WORK INSTRUCTIONS:
Beginning at the line containing "cleanroom masks at north texas ppe", give again every line through the end of the data, unchanged and with both ends included. Drop any pictures.
*** DATASET CONTENT ***
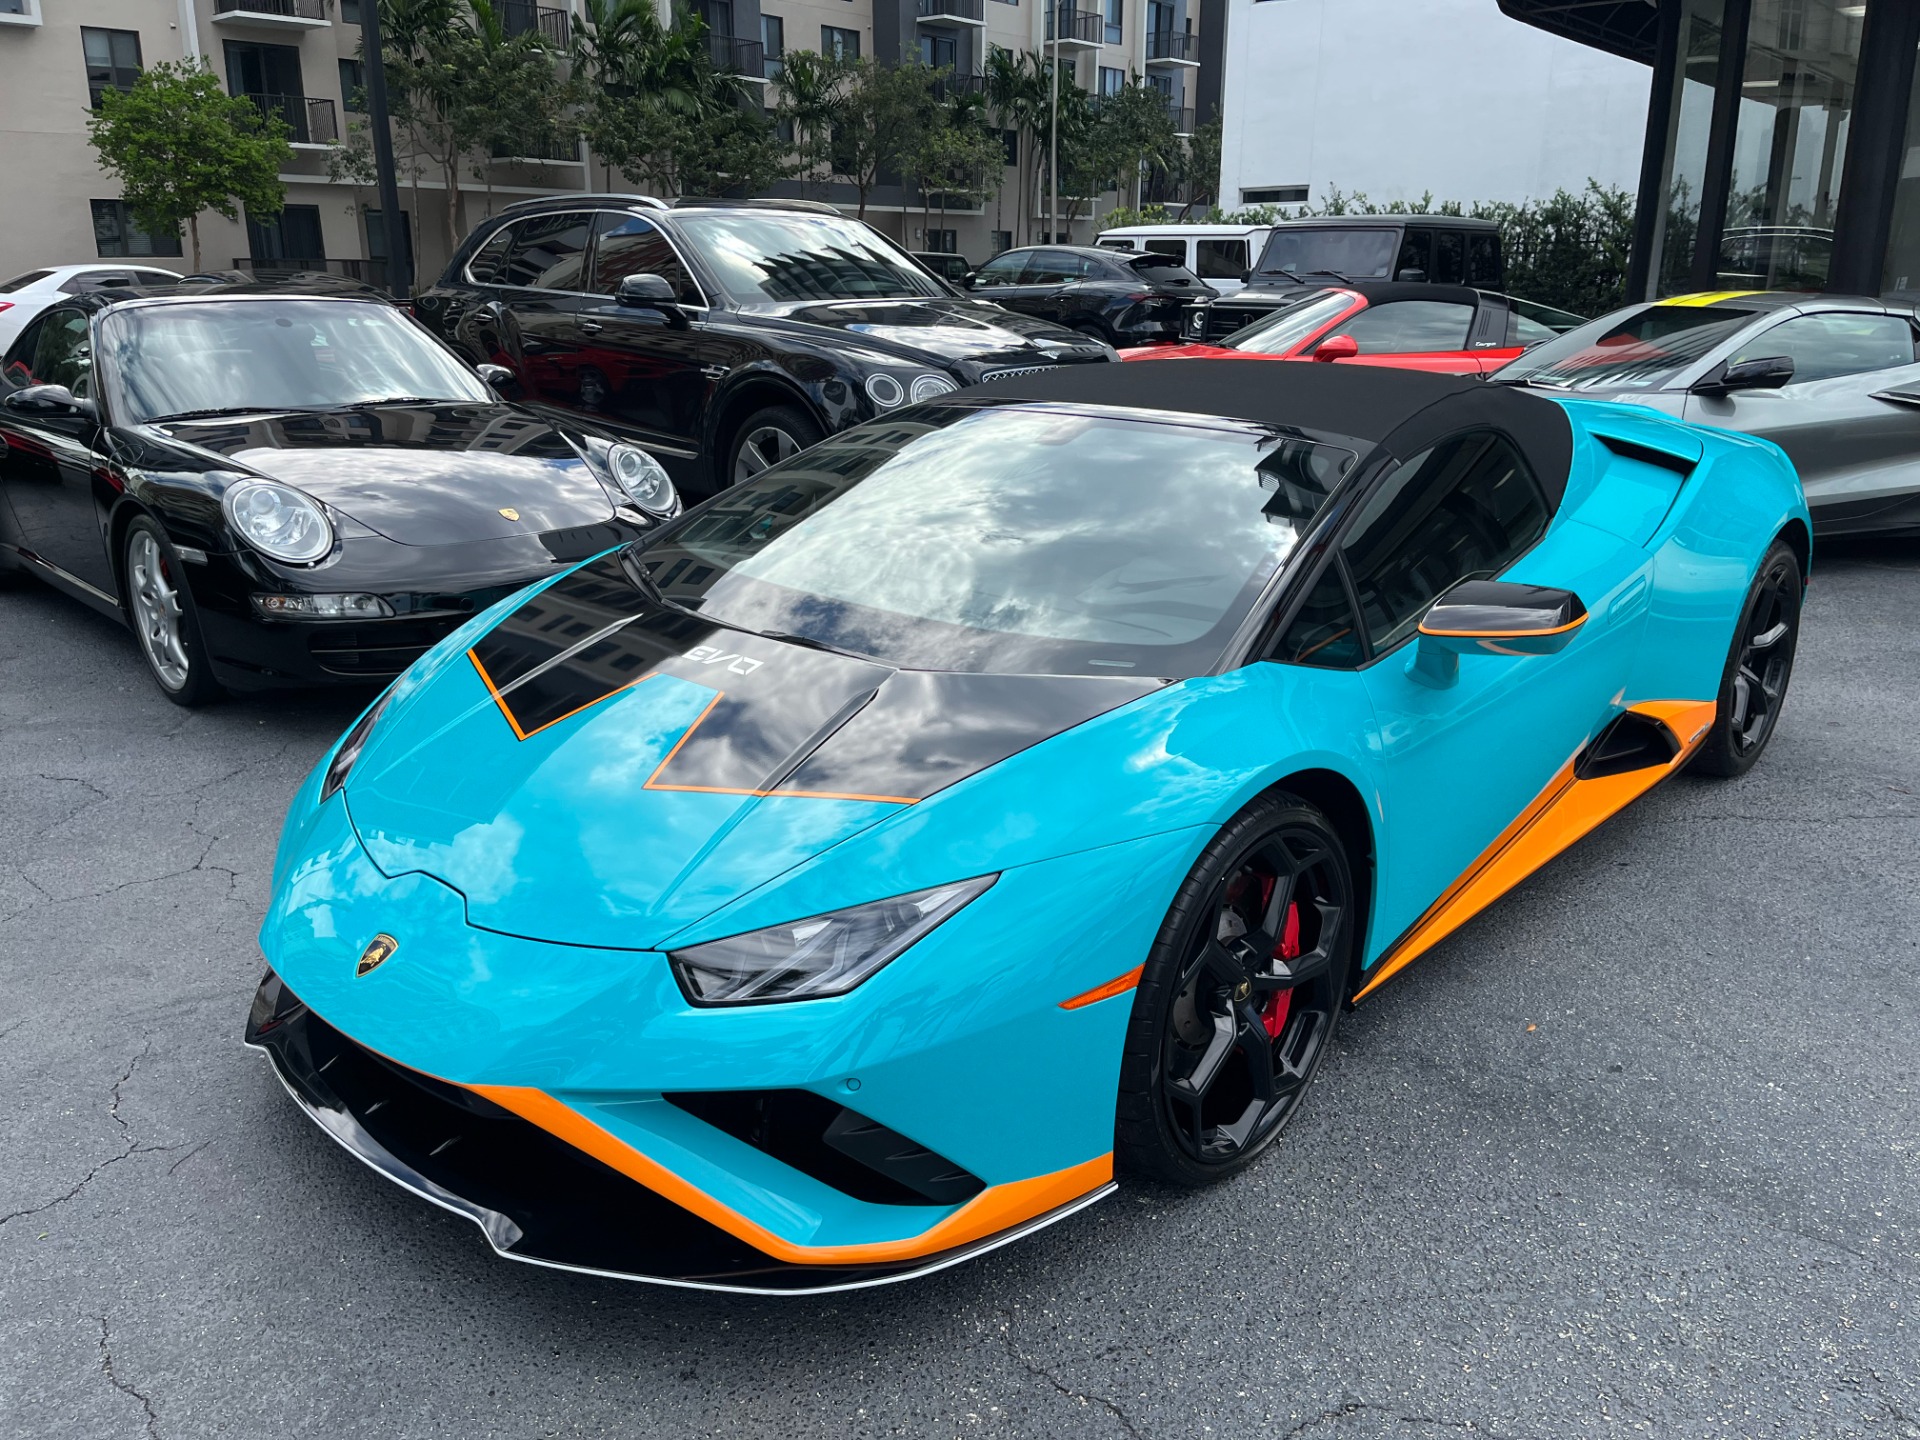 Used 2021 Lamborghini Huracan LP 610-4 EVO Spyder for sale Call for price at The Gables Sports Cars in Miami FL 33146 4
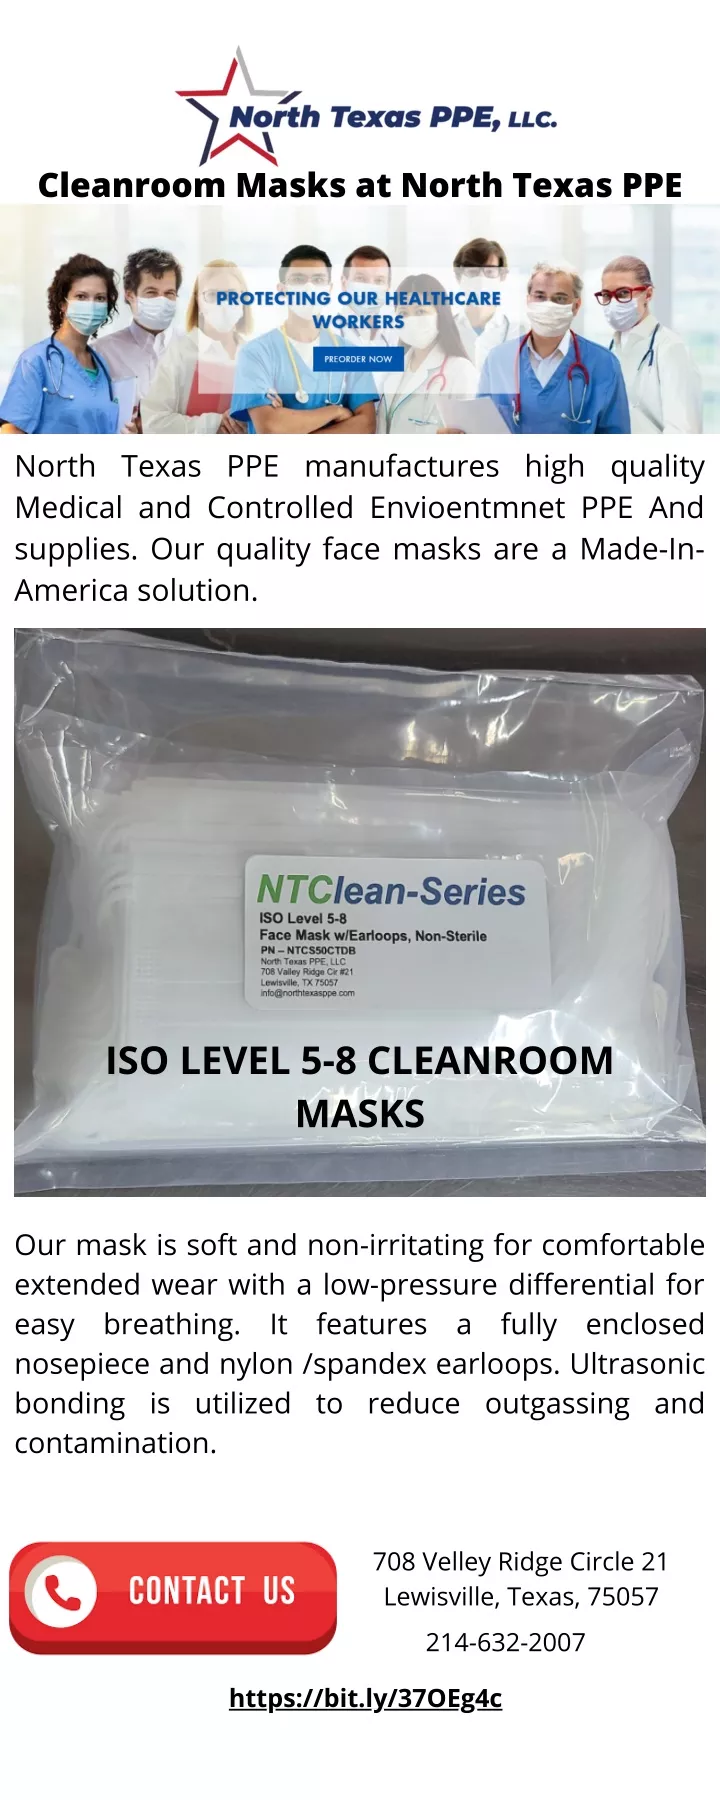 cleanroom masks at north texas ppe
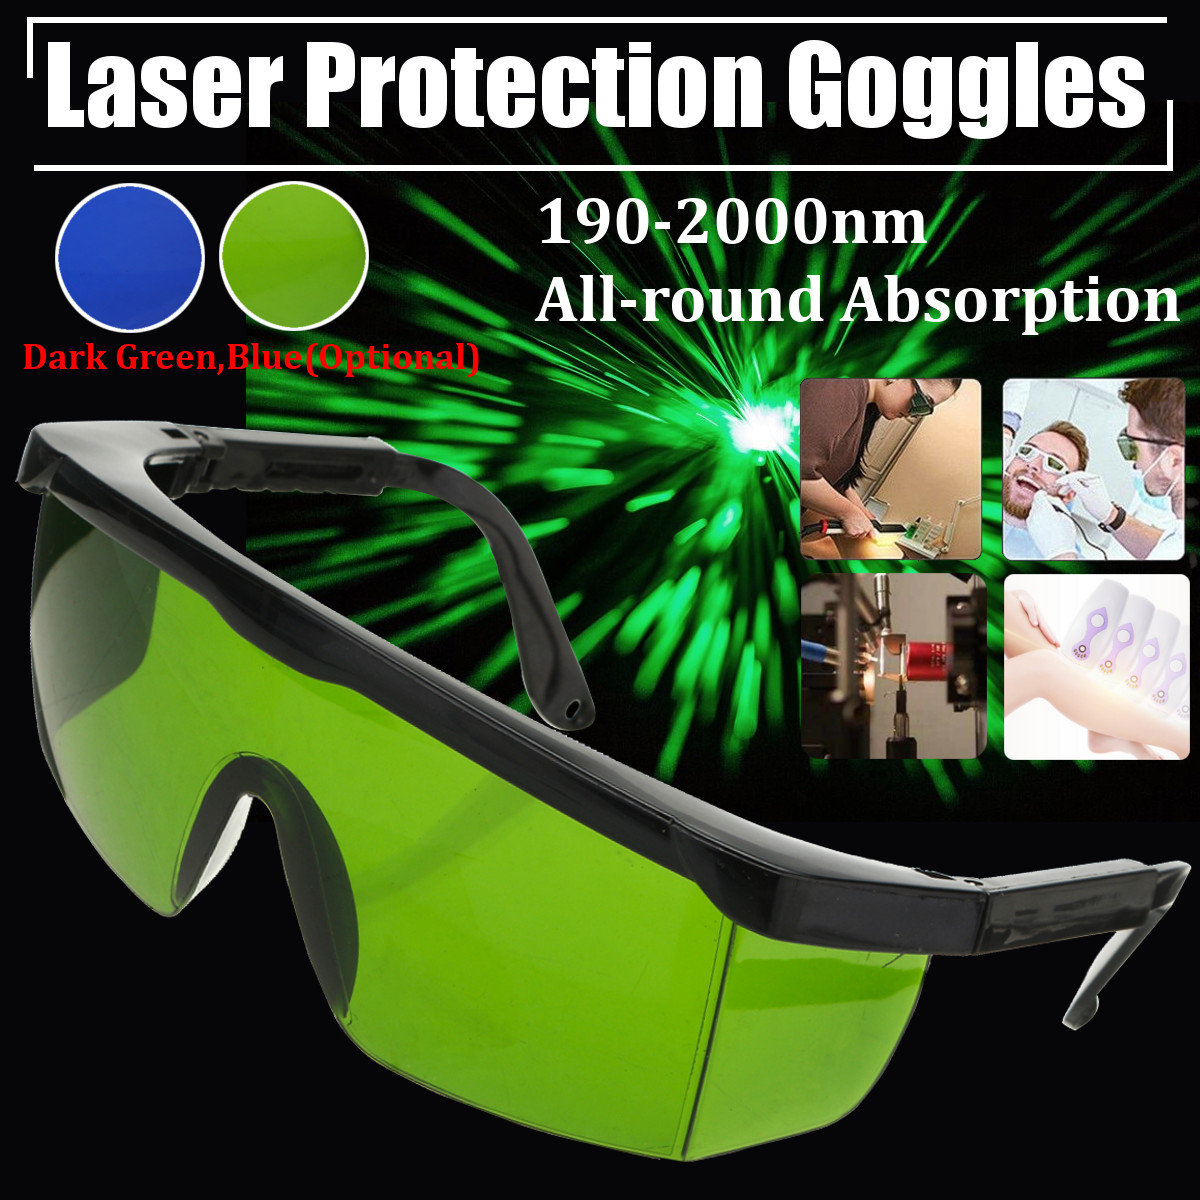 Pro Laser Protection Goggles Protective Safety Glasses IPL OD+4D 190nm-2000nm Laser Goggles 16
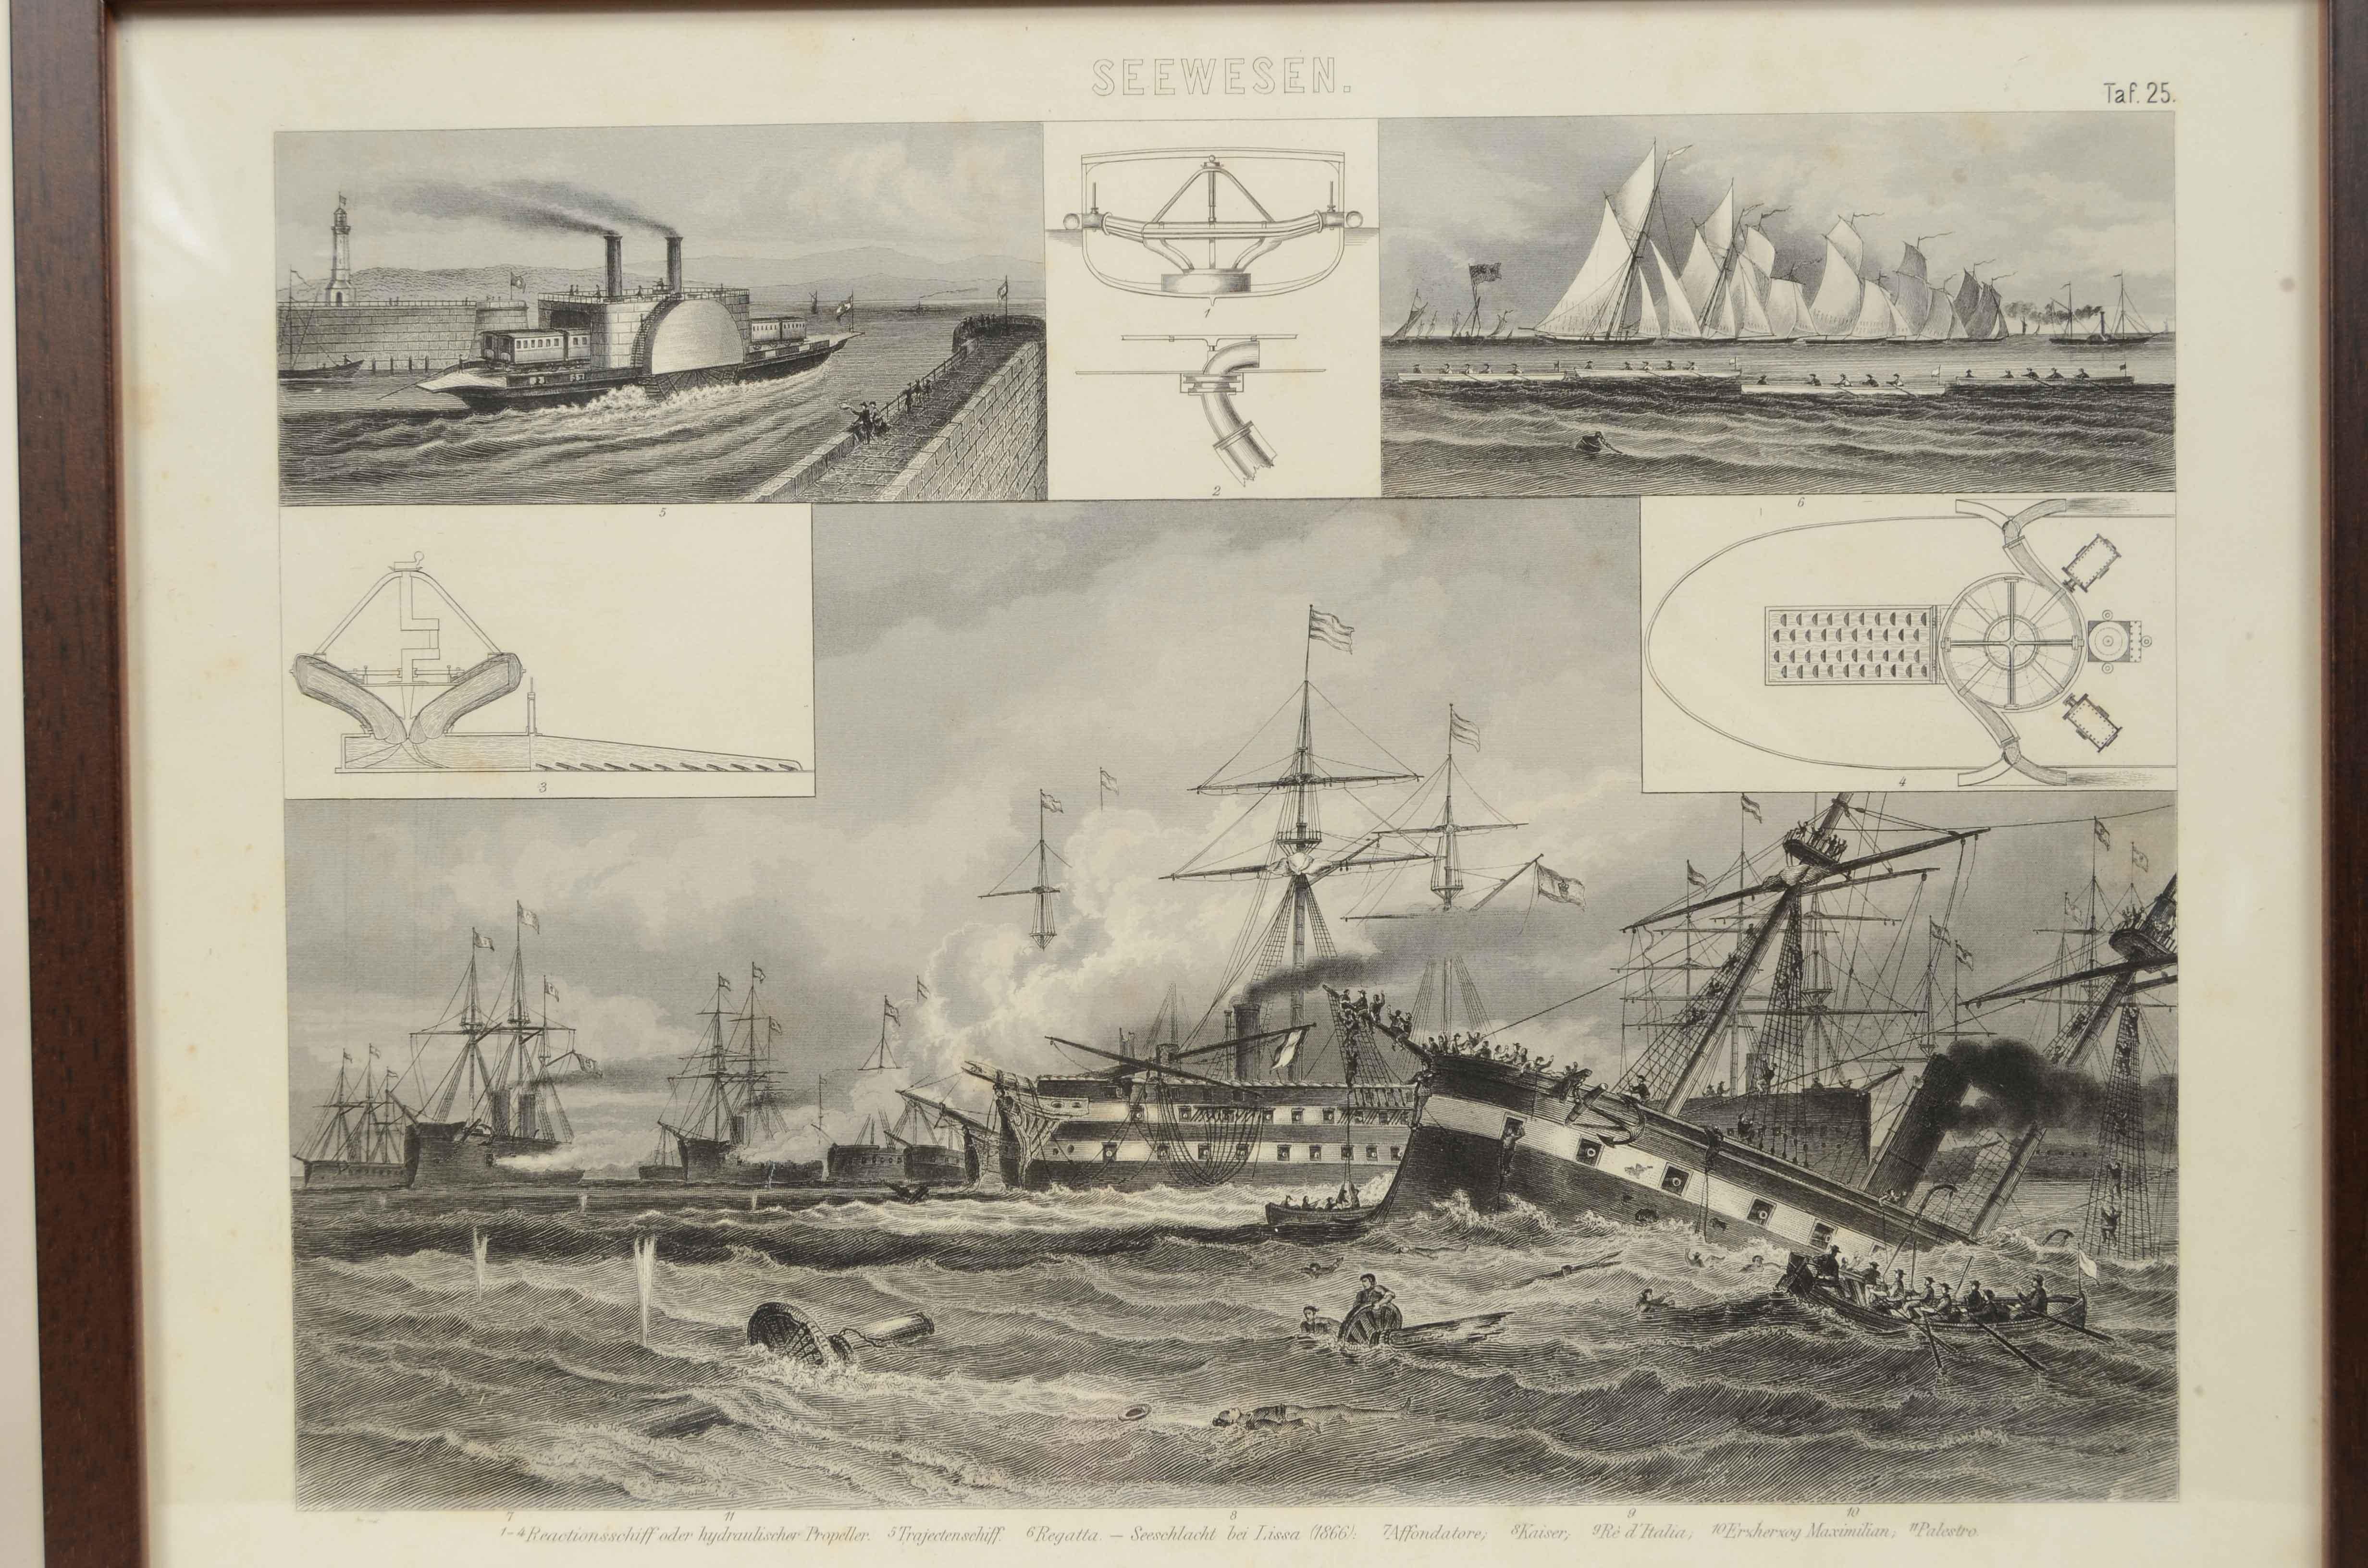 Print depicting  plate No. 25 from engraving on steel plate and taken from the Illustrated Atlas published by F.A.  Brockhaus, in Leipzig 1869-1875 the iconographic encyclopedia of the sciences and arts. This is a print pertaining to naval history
*** End of DATASET CONTENT ***
YOUR RESPONSE:
 cleanroom masks at north texas ppe
 Pro Laser Protection Goggles Protective Safety Glasses IPL OD+4D 190nm-2000nm Laser Goggles 16
 Print depicting  plate No. 25 from engraving on steel plate and taken from the Illustrated Atlas published by F.A.  Brockhaus, in Leipzig 1869-1875 the iconographic encyclopedia of the sciences and arts. This is a print pertaining to naval history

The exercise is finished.